| Work required |
Output only the stretch of the listing that starts at the line containing "Pfadiheim Wangen, 4612" and ends at the line containing "Стивен Кинг Тёмная", reproduced exactly with both ends.

| Study material |
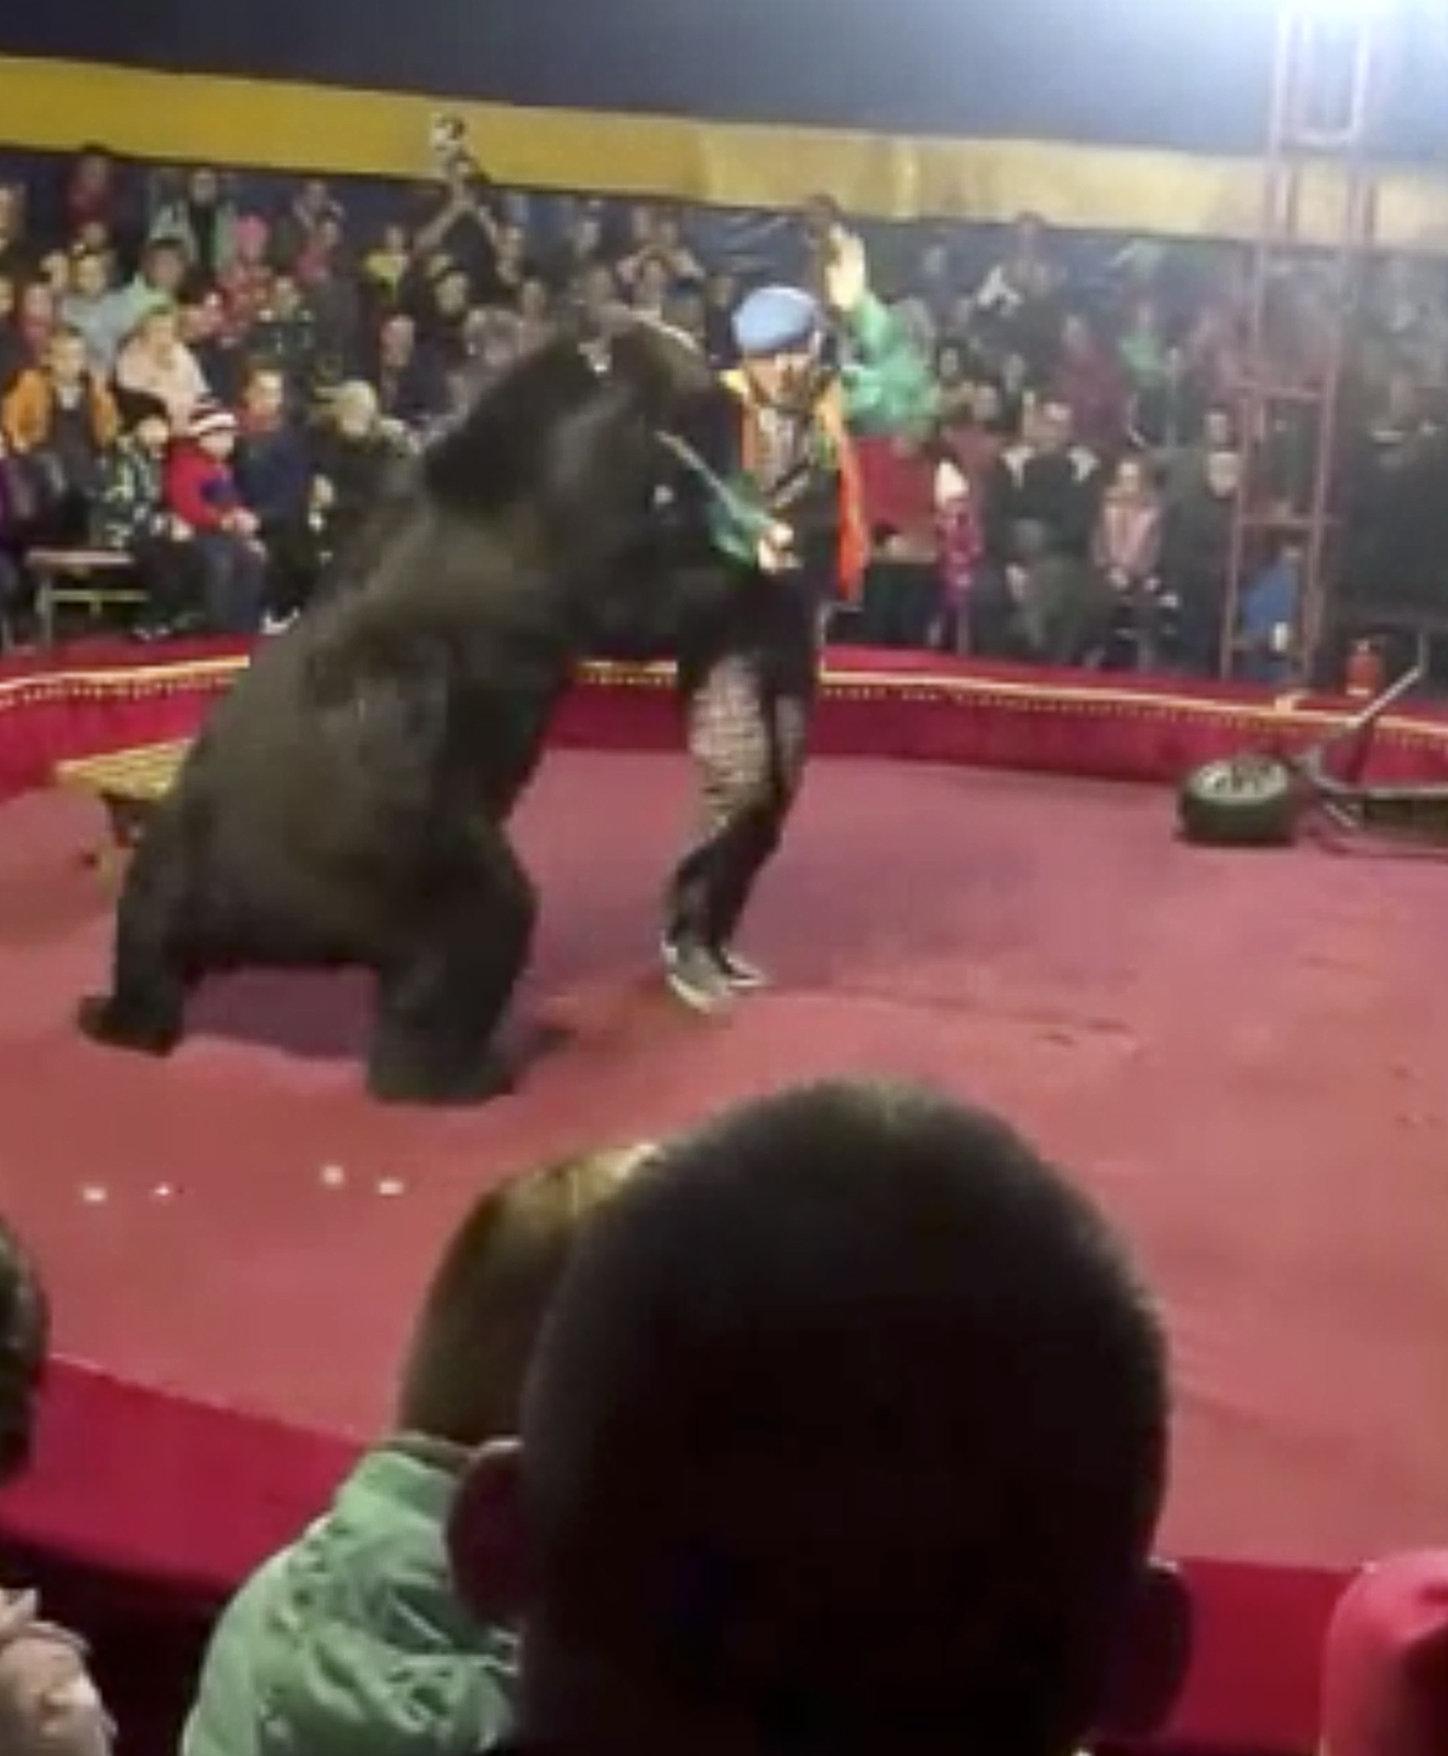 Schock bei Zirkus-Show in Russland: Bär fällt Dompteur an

...

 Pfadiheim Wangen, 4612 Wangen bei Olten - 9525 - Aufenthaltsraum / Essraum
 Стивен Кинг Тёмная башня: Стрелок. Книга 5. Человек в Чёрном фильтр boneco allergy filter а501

--

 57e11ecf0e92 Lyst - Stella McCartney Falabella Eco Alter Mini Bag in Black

| Answer |
 Pfadiheim Wangen, 4612 Wangen bei Olten - 9525 - Aufenthaltsraum / Essraum
 Стивен Кинг Тёмная башня: Стрелок. Книга 5. Человек в Чёрном фильтр boneco allergy filter а501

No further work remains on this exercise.